→ **WHAT YOU NEED TO DO**
Your answer must be only the lines below from the one containing "Insertion Package Meat" through the one containing "invoice format doc", copied exactly, with the pictures left out.

→ **DATA PROVIDED**
BEGIN
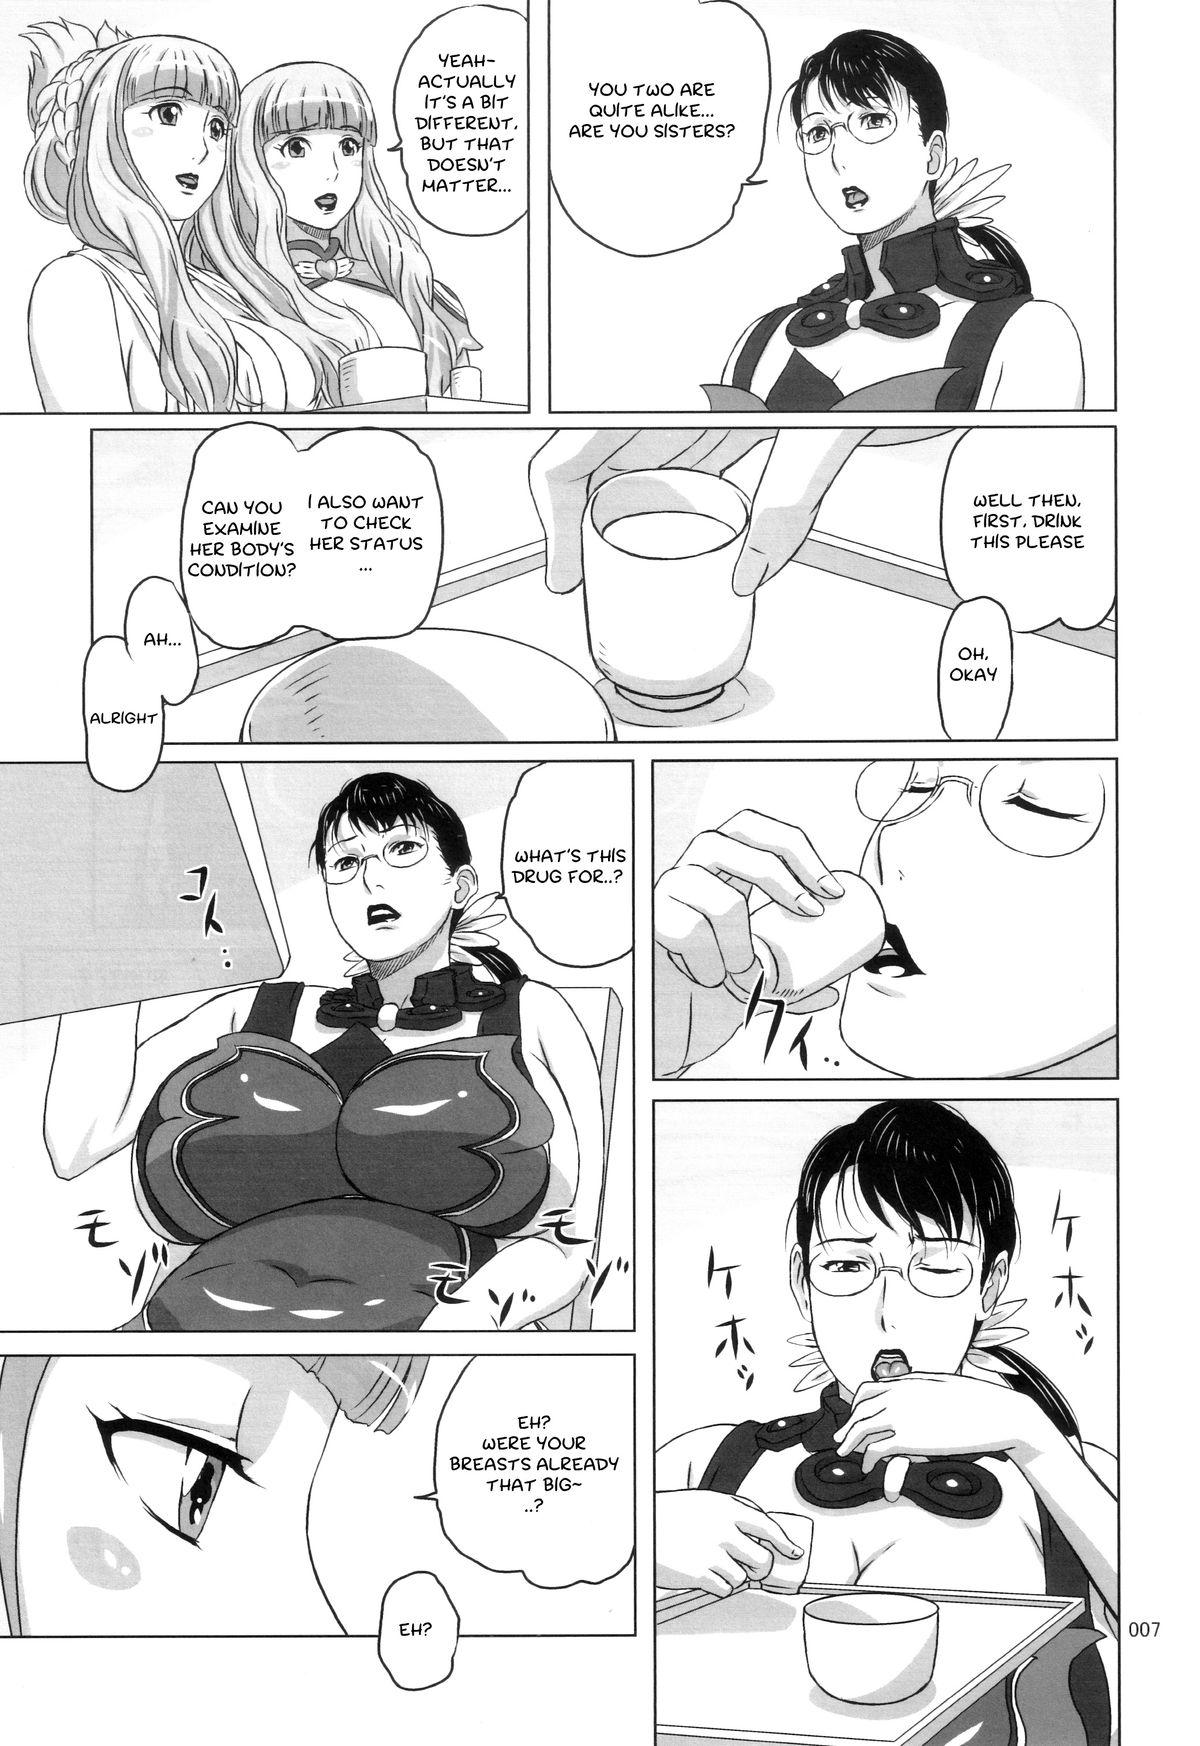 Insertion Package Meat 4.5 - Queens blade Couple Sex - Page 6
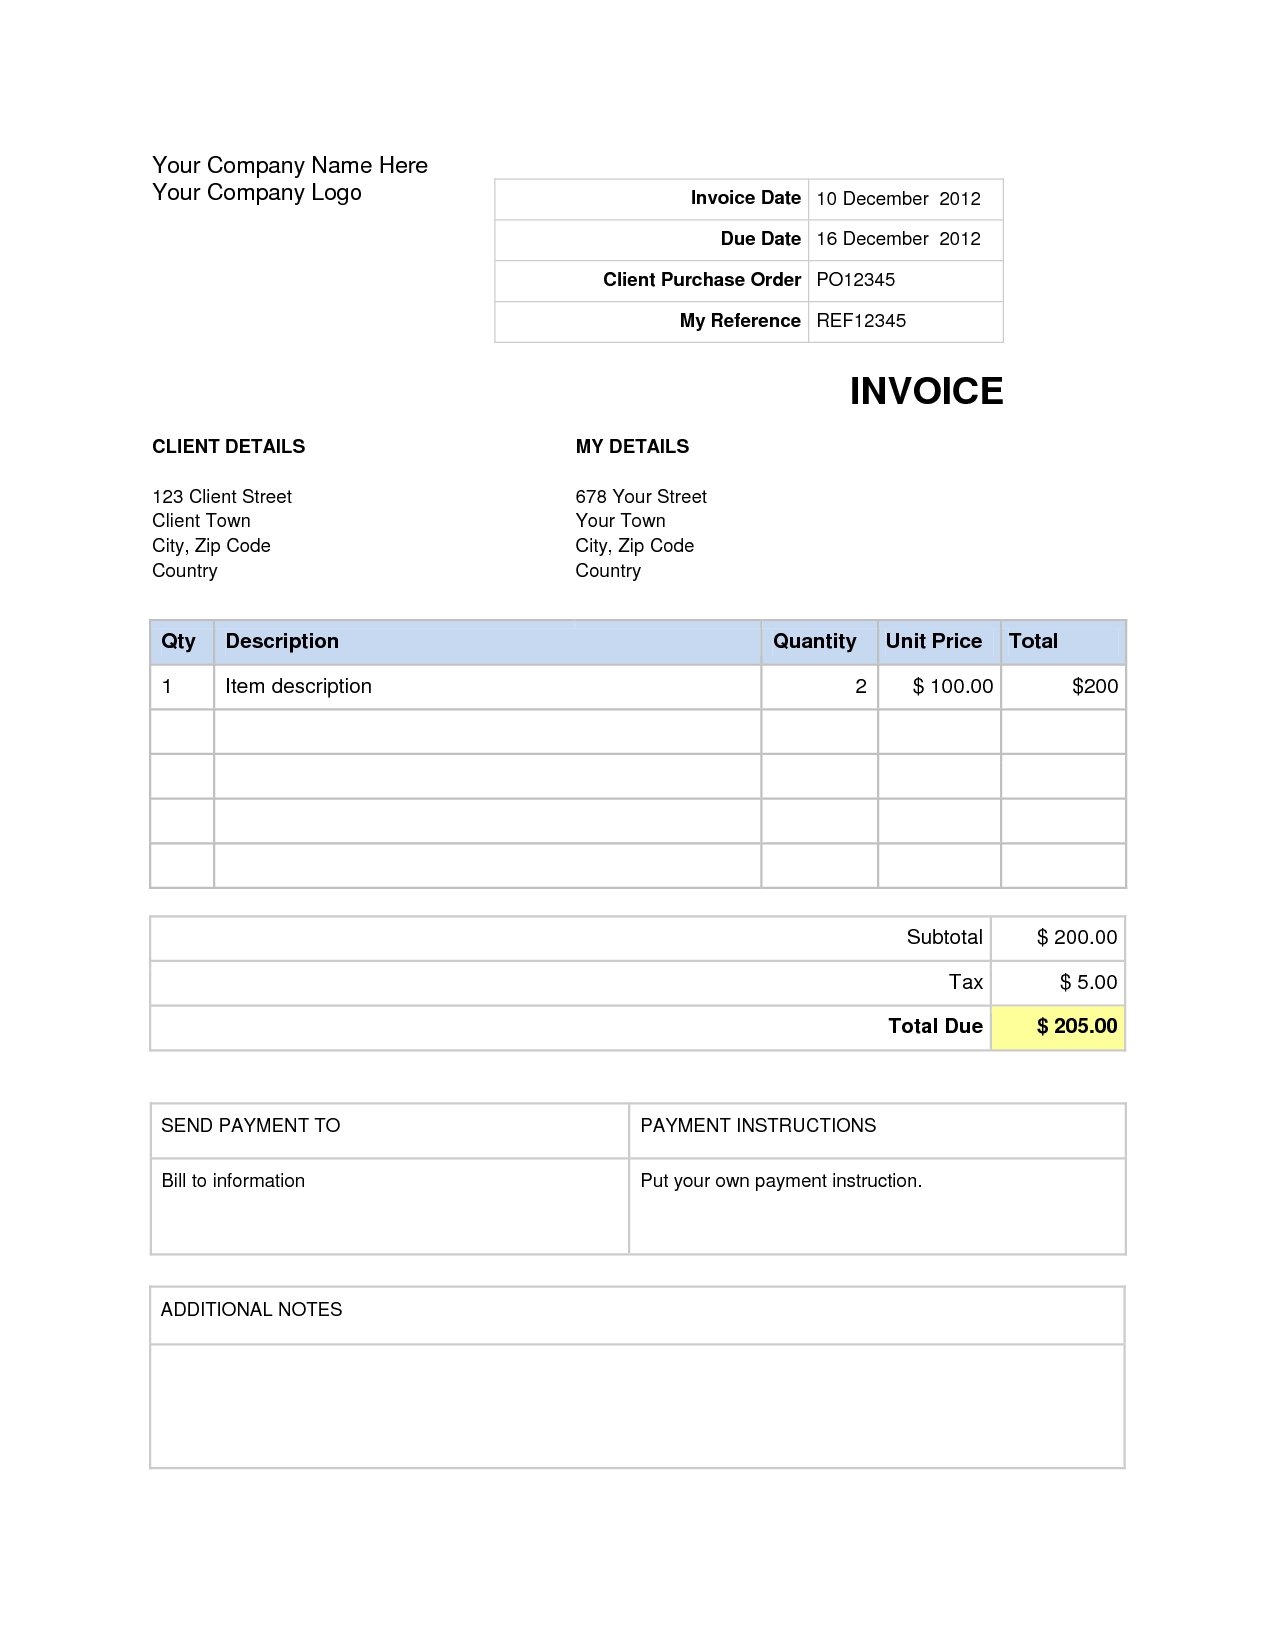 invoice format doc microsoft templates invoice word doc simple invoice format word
END
BEGIN
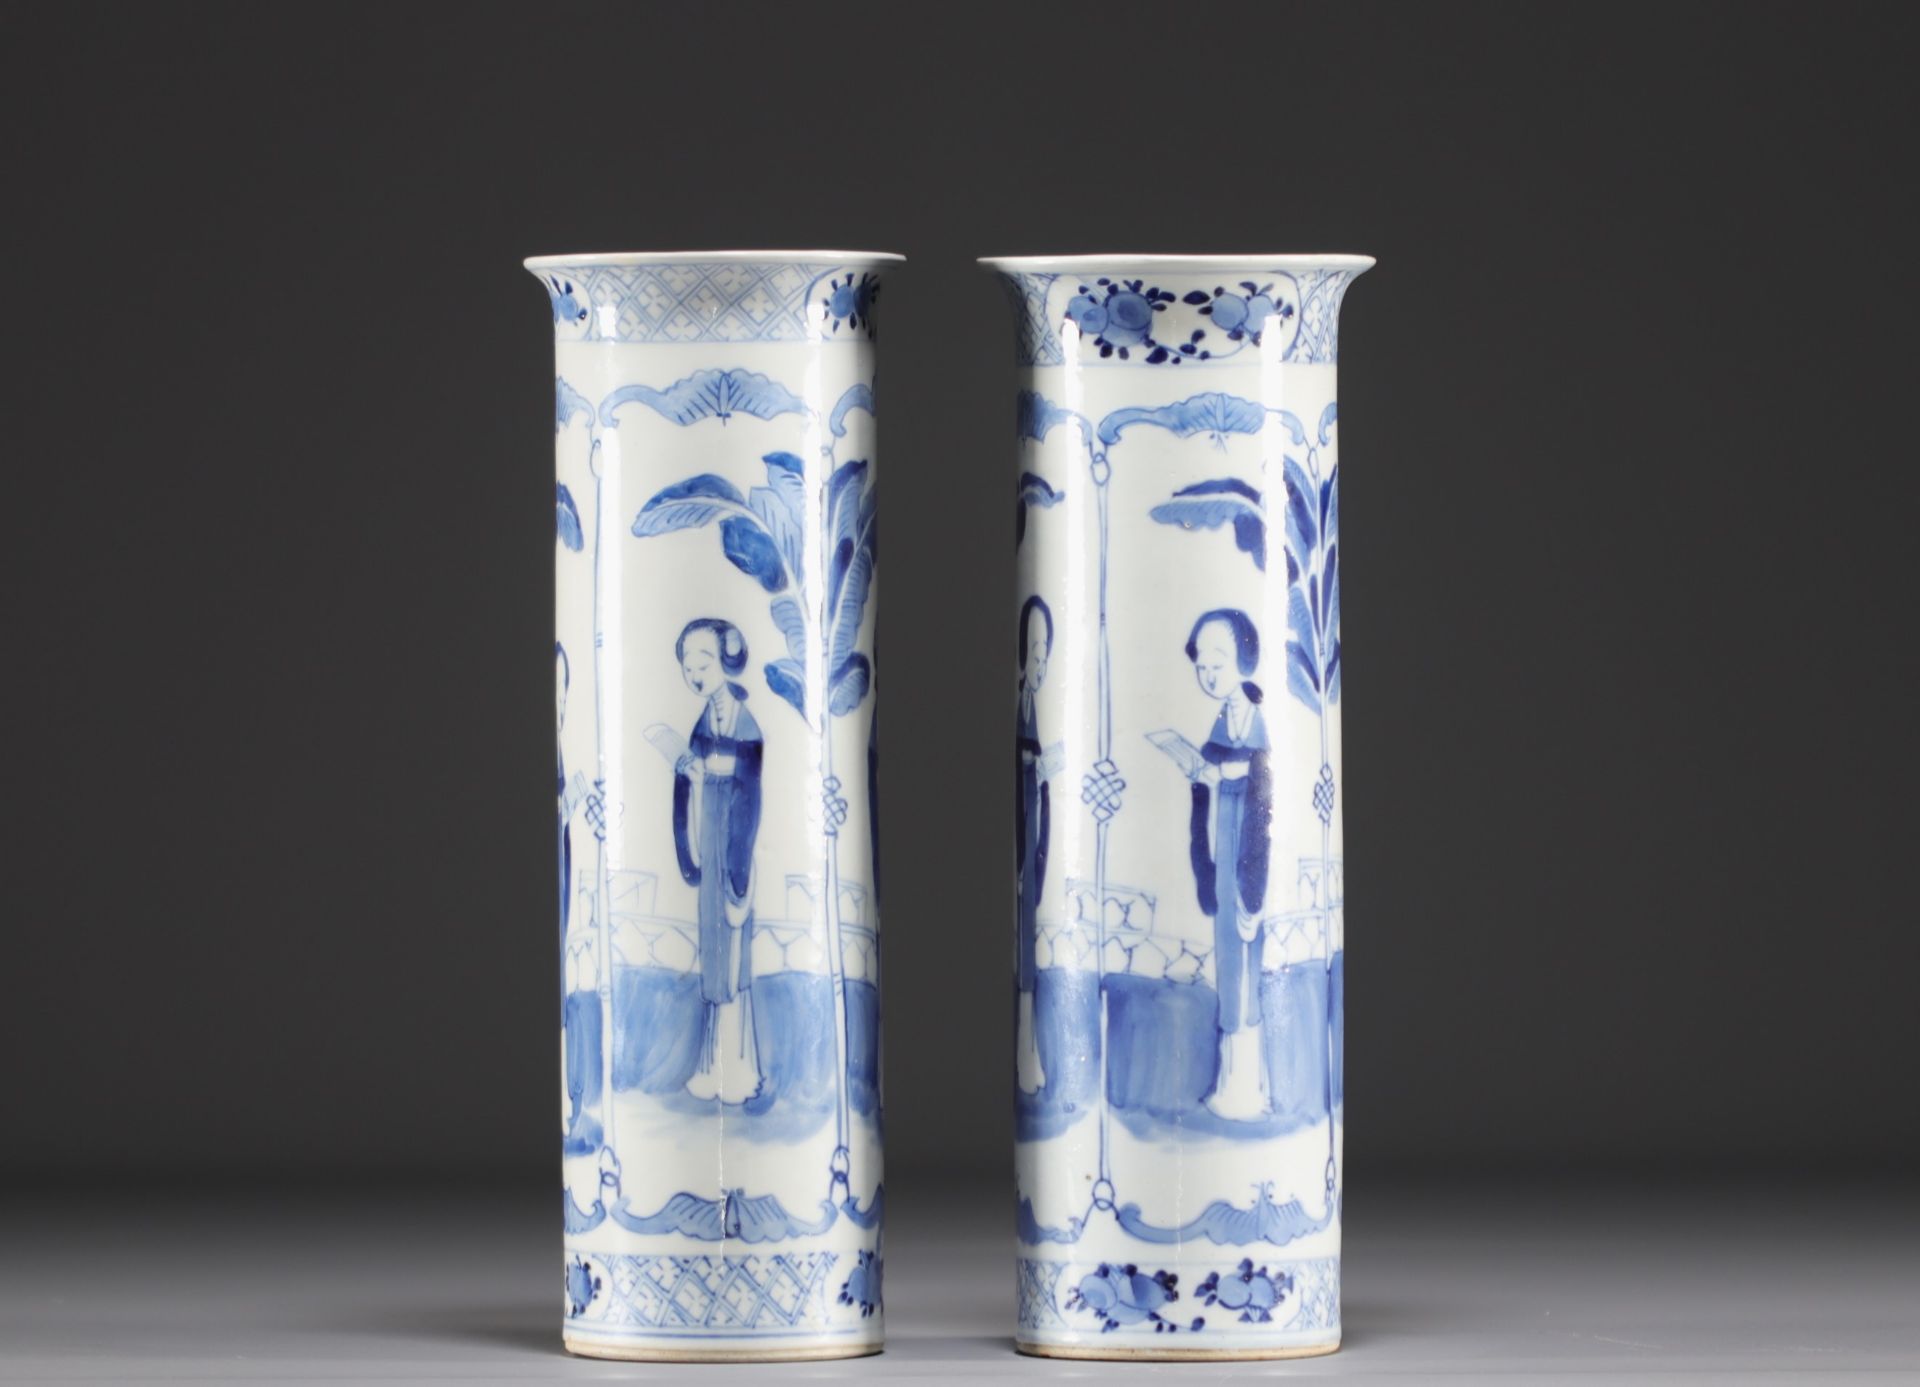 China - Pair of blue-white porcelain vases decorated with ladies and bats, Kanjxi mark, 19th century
END
BEGIN
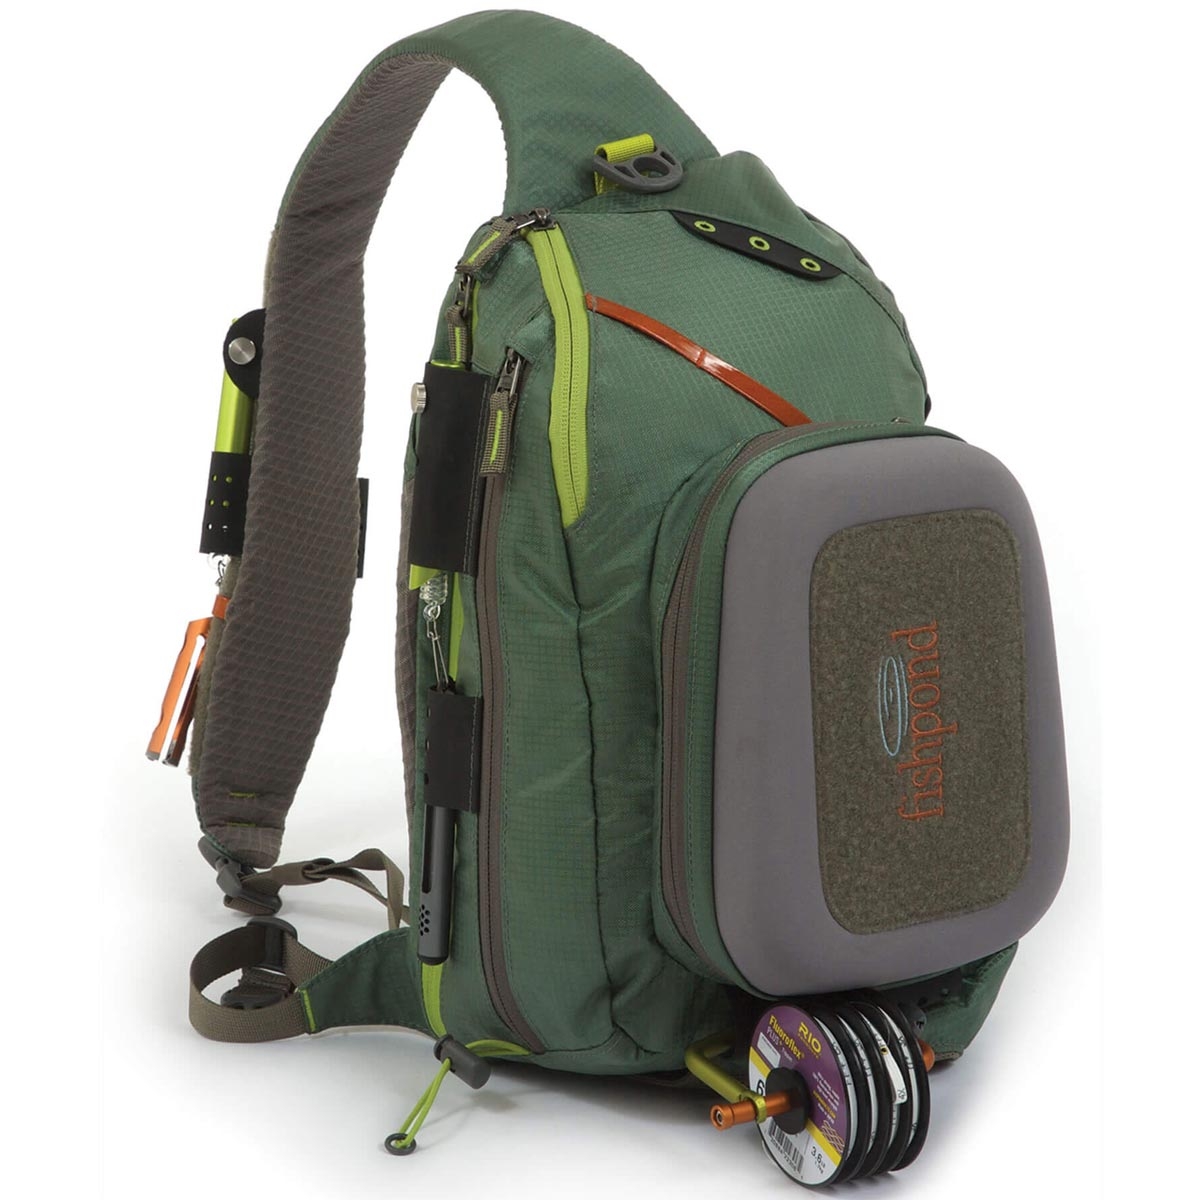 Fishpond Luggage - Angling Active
END
→ **RESULT**
 Insertion Package Meat 4.5 - Queens blade Couple Sex - Page 6
 invoice format doc microsoft templates invoice word doc simple invoice format word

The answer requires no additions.